2026-06 — Vero accepted at ECCV 2026.
2026-06-17 — Second release. We expanded Vero with new model checkpoints and larger training data: Vero-Qwen35-9B and Vero-Qwen35-9B-Base, plus the Vero-1.6M and Vero-2.5M-unfiltered datasets.
2026-06 — Oral at CVPR 2026. Vero was selected for an oral presentation at the DataMFM workshop (Emerging Directions in Data for Multimodal Foundation Models) at CVPR 2026.

Highlights

600K curated RL samples from 59 datasets across 6 visual reasoning task categories: STEM, Chart & OCR, Spatial & Action, Knowledge & Recognition, Grounding, Counting & Search, & Captioning & Instruction Following
Single-stage RL recipe for visual reasoning with task-routed reward functions
VeroEvalSuite with 30 benchmarks spanning the 6 multimodal reasoning task categories
Support for many base models: Qwen3.5, Qwen2.5-VL, Qwen3-VL, MiMo-VL, Bee, Molmo2
Fully open codebase for training and evaluation

Installation

Clone Repository

git clone https://github.com/zlab-princeton/vero.git
cd vero

Environment Setup

bash scripts/setup_env.sh

This installs PyTorch, vLLM, Transformers, FlashAttention, and both project packages (vero-rl, vero-eval) in editable mode. See scripts/setup_env.sh for the full setup flow.

Data Setup

Dataset Composition

For Vero RL training, the model-run scripts use formatted local data under vero-rl/data by default. Prepare it once with:

python scripts/download_and_format_vero_600k.py

This script downloads or reuses cached data from zlab-princeton/Vero-600k, exports images into vero-rl/data/images/, and writes:

vero-rl/data/vero_600k_train.verl.jsonl
vero-rl/data/vero_600k_val.verl.jsonl

All bash launchers in vero-rl/examples/model_runs/ will pick up those files automatically once they exist.

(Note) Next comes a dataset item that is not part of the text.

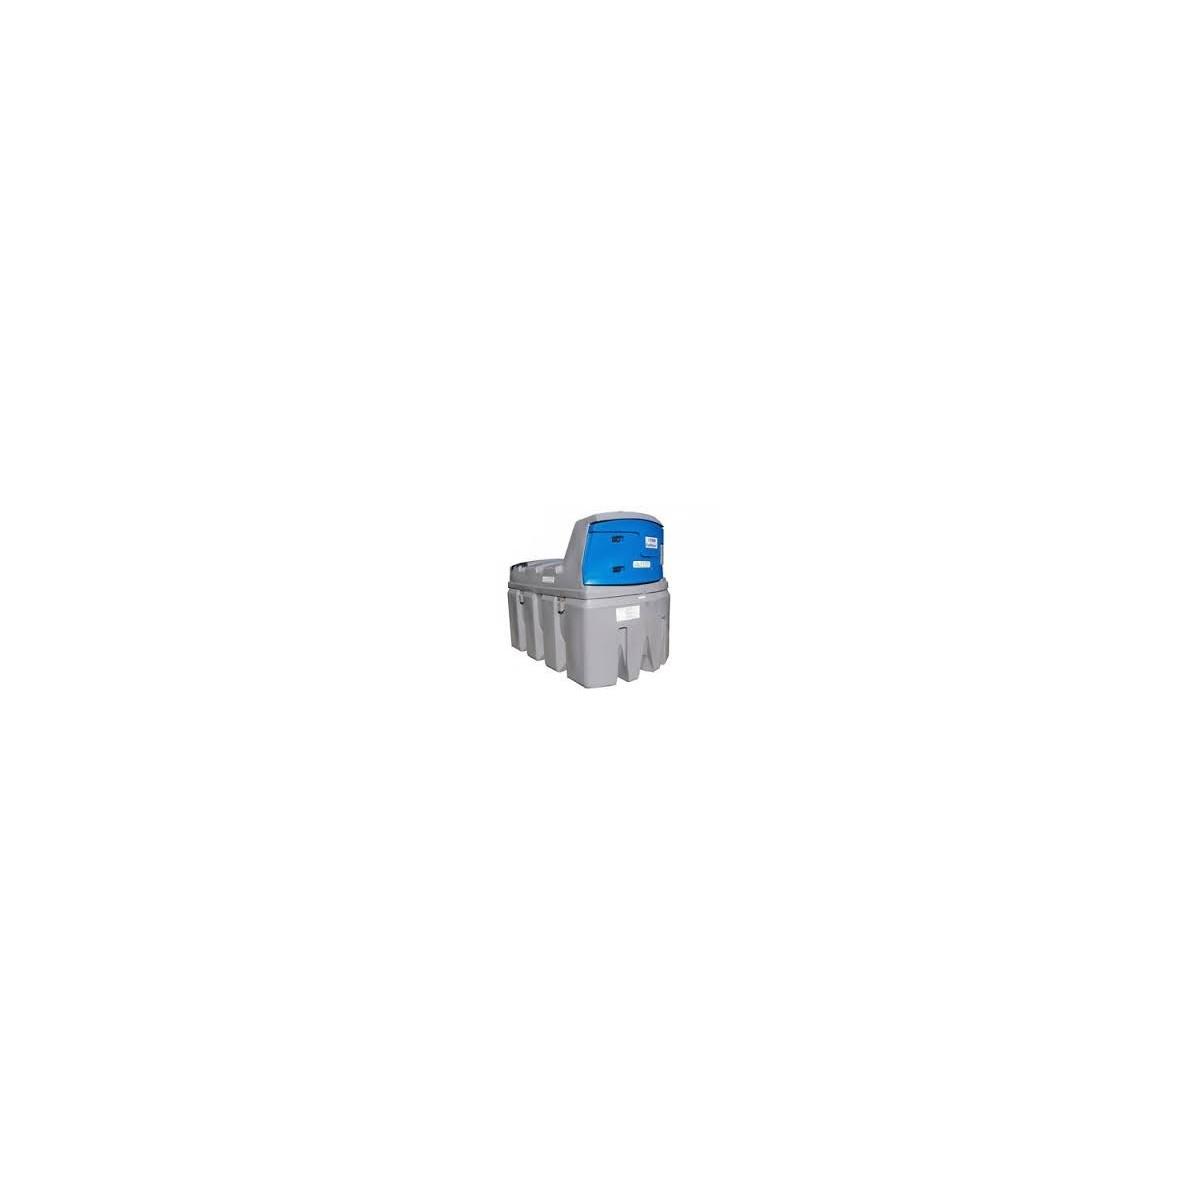 Zbiornik na paliwo FuelMaster Light 2500L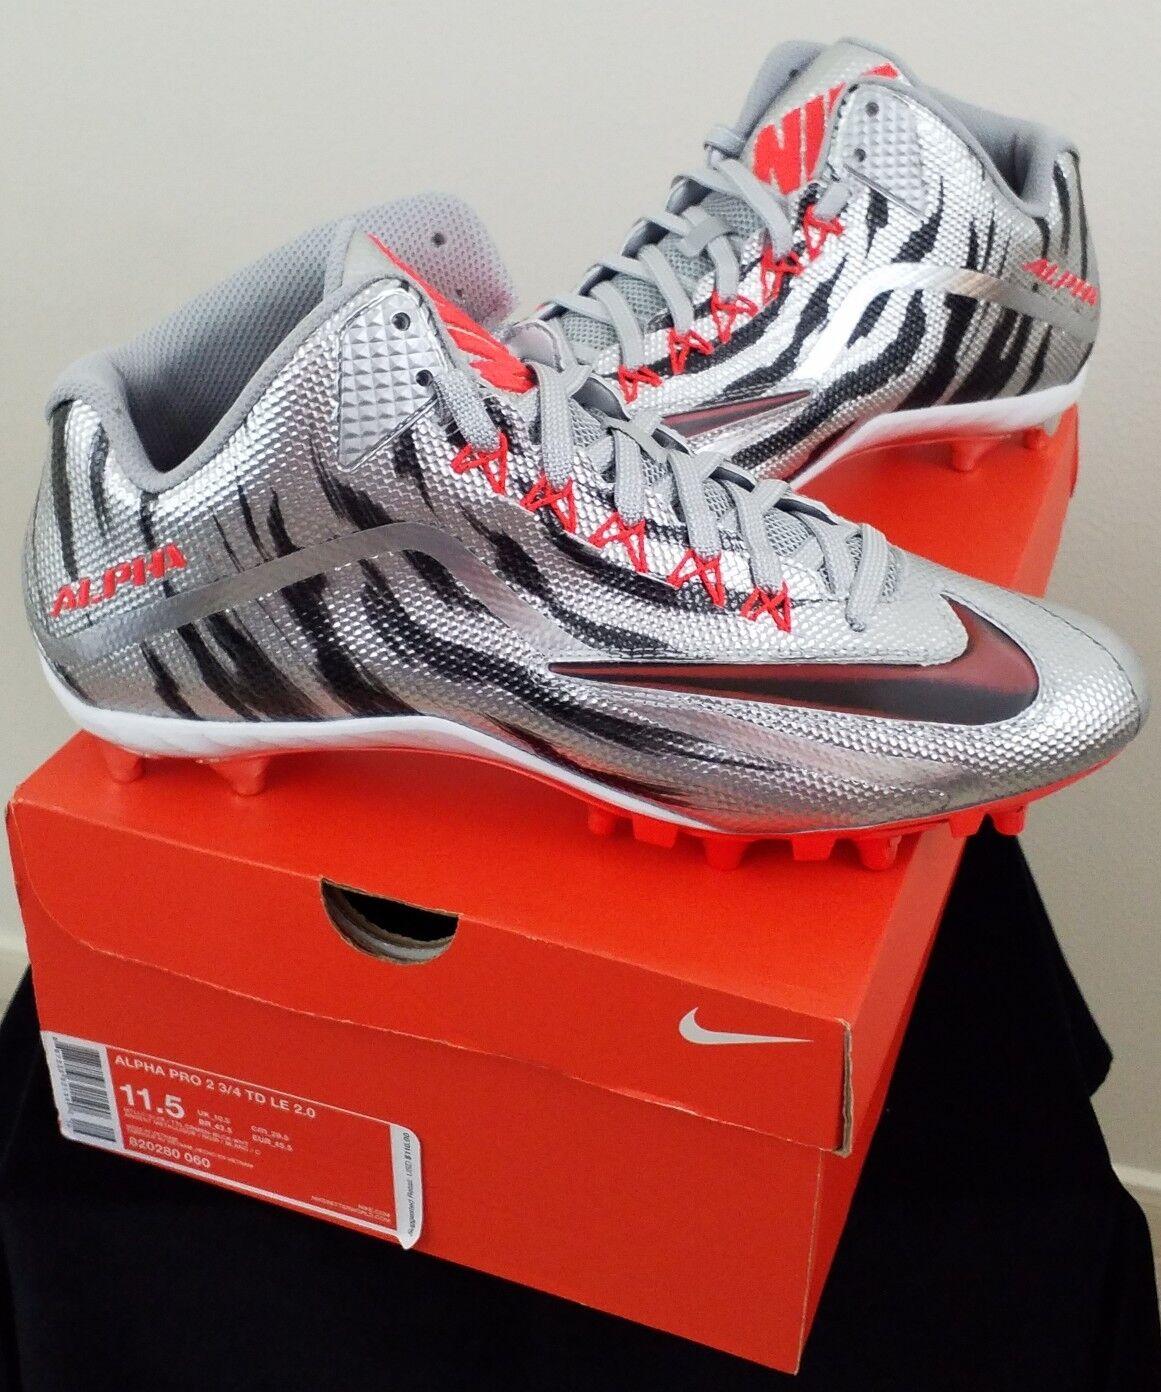 Nike Alpha Pro Pro Pro 2 3 4 TD LE 2.0 Metallic Silver Football Cleat 820280-060 Sz 11.5 f7aeaa

Larger datasets from the second release — zlab-princeton/Vero-1.6M and zlab-princeton/Vero-2.5M-unfiltered — are also available on the Hub; the default training setup uses Vero-600k.

For custom data, Vero expects a specific data format; see docs/DATA.md for the format, curation details, and reward routing metadata.

Quick Start: Evaluation

Evaluation is independent of training — to just run the benchmarks, you can skip the training setup entirely. (For the full benchmark list, see Evaluation Benchmarks.)

Want it hands-off? Point an AI coding agent (Claude Code / Codex) at docs/AGENTS_SETUP.md — a one-file runbook it (or a human) can follow end to end to set up the environment and run the full reproduction.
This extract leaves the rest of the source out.